Exercise objective => Please restate exactly the lines from the one holding "8 PC Case - Best $500 PC Build" to the end of the material, including both ends and excluding every picture.

Segment Start: Recorded data

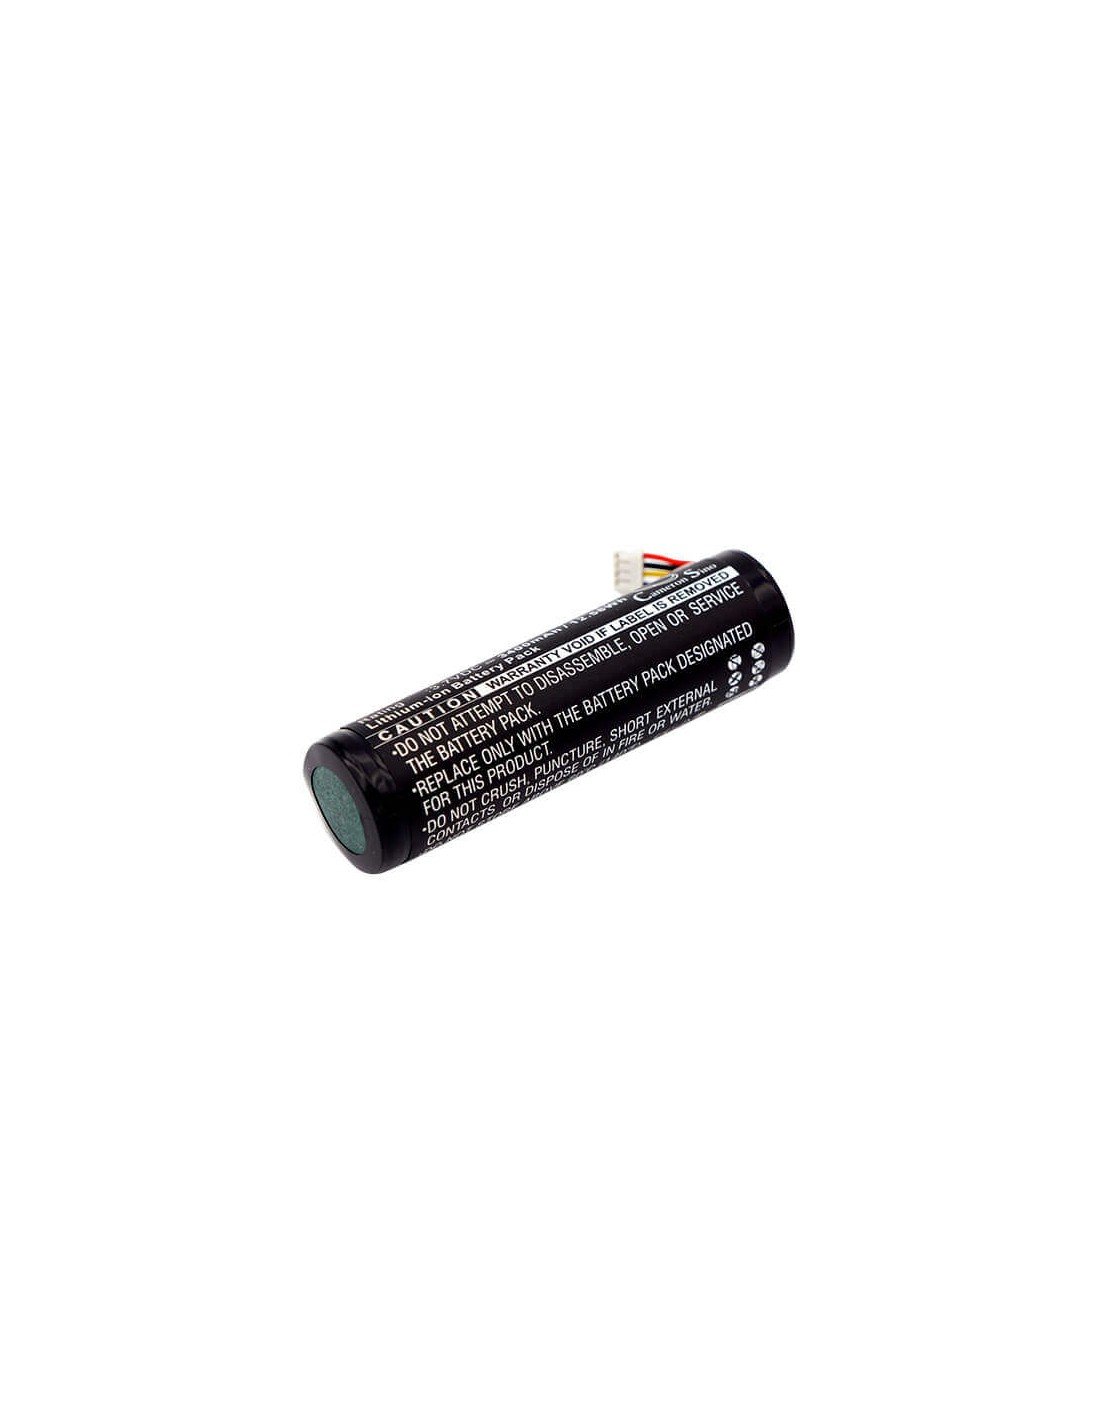 Battery for Garmin, Alpha, Alpha 100, Alpha Gps Pig Hunting Dog Tracking System 3.7V, 3400mAh - 12.58Wh
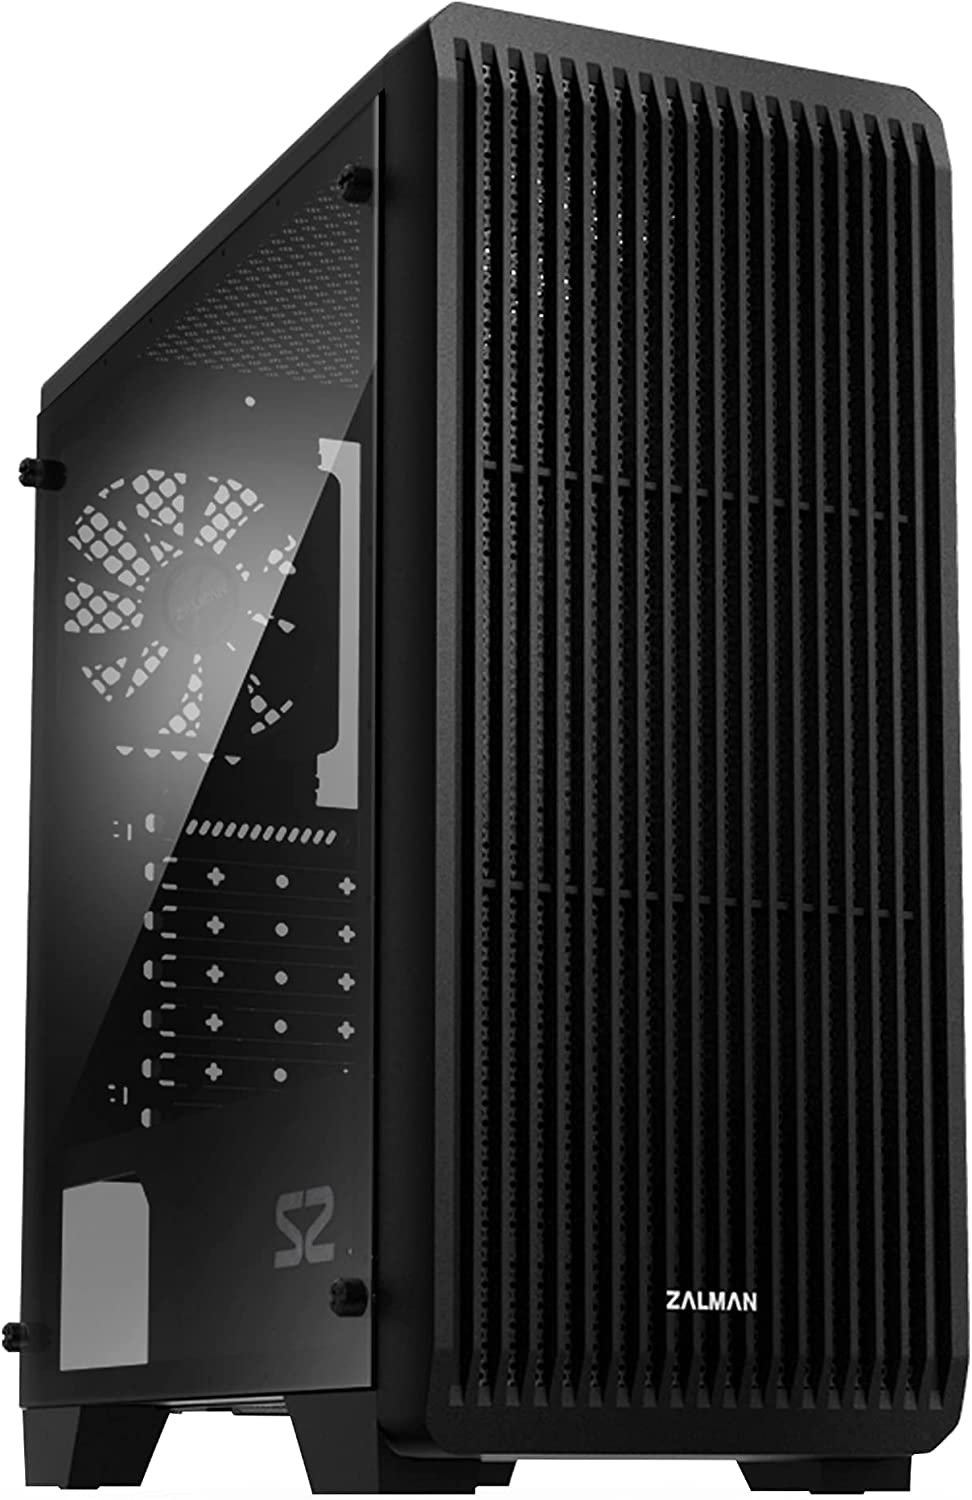 8 PC Case - Best $500 PC Build
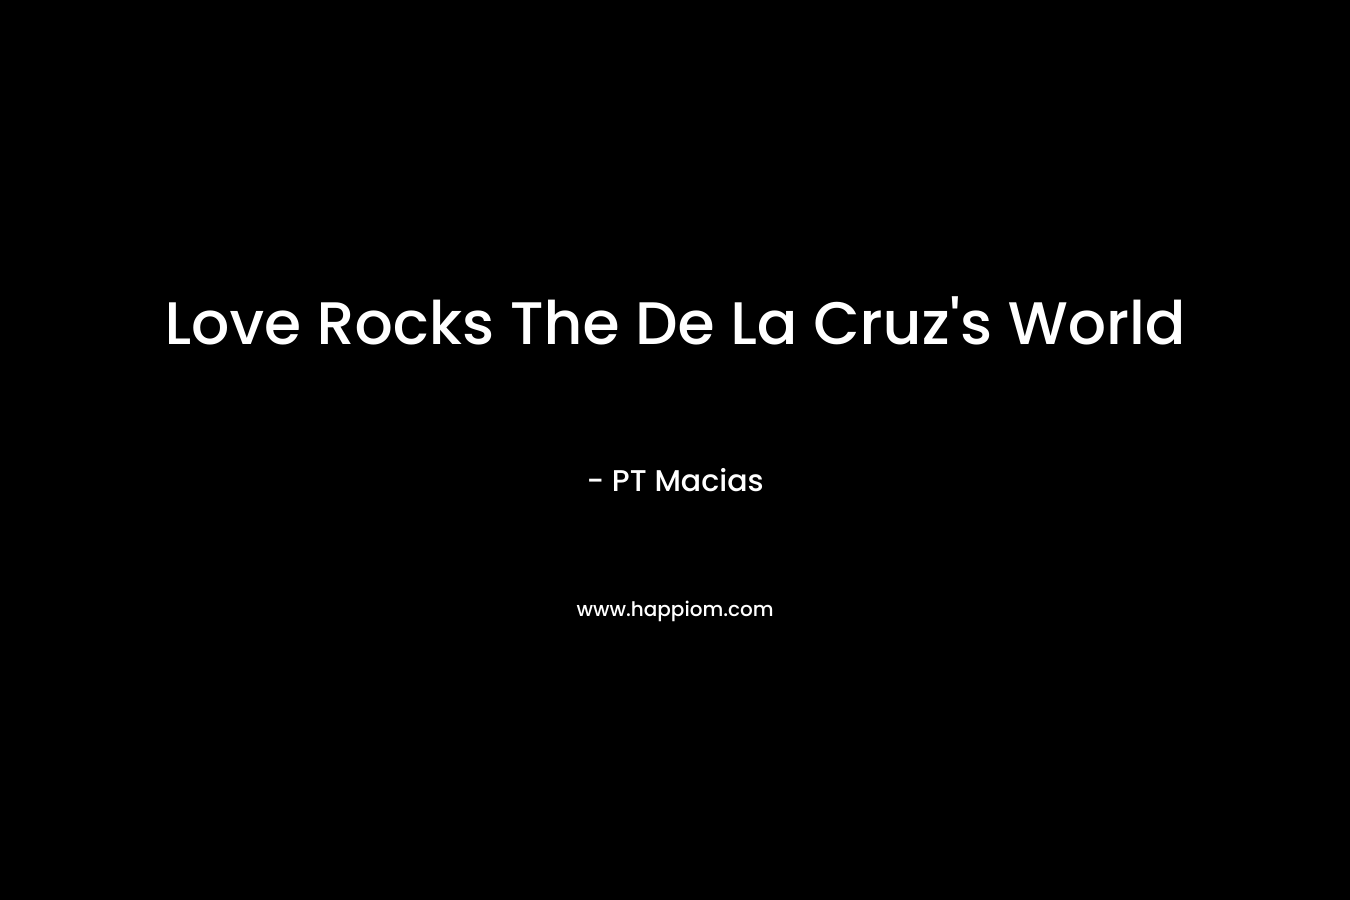 Love Rocks The De La Cruz's World

Segment End: Recorded data

Written answer =>
 8 PC Case - Best $500 PC Build
 Love Rocks The De La Cruz's World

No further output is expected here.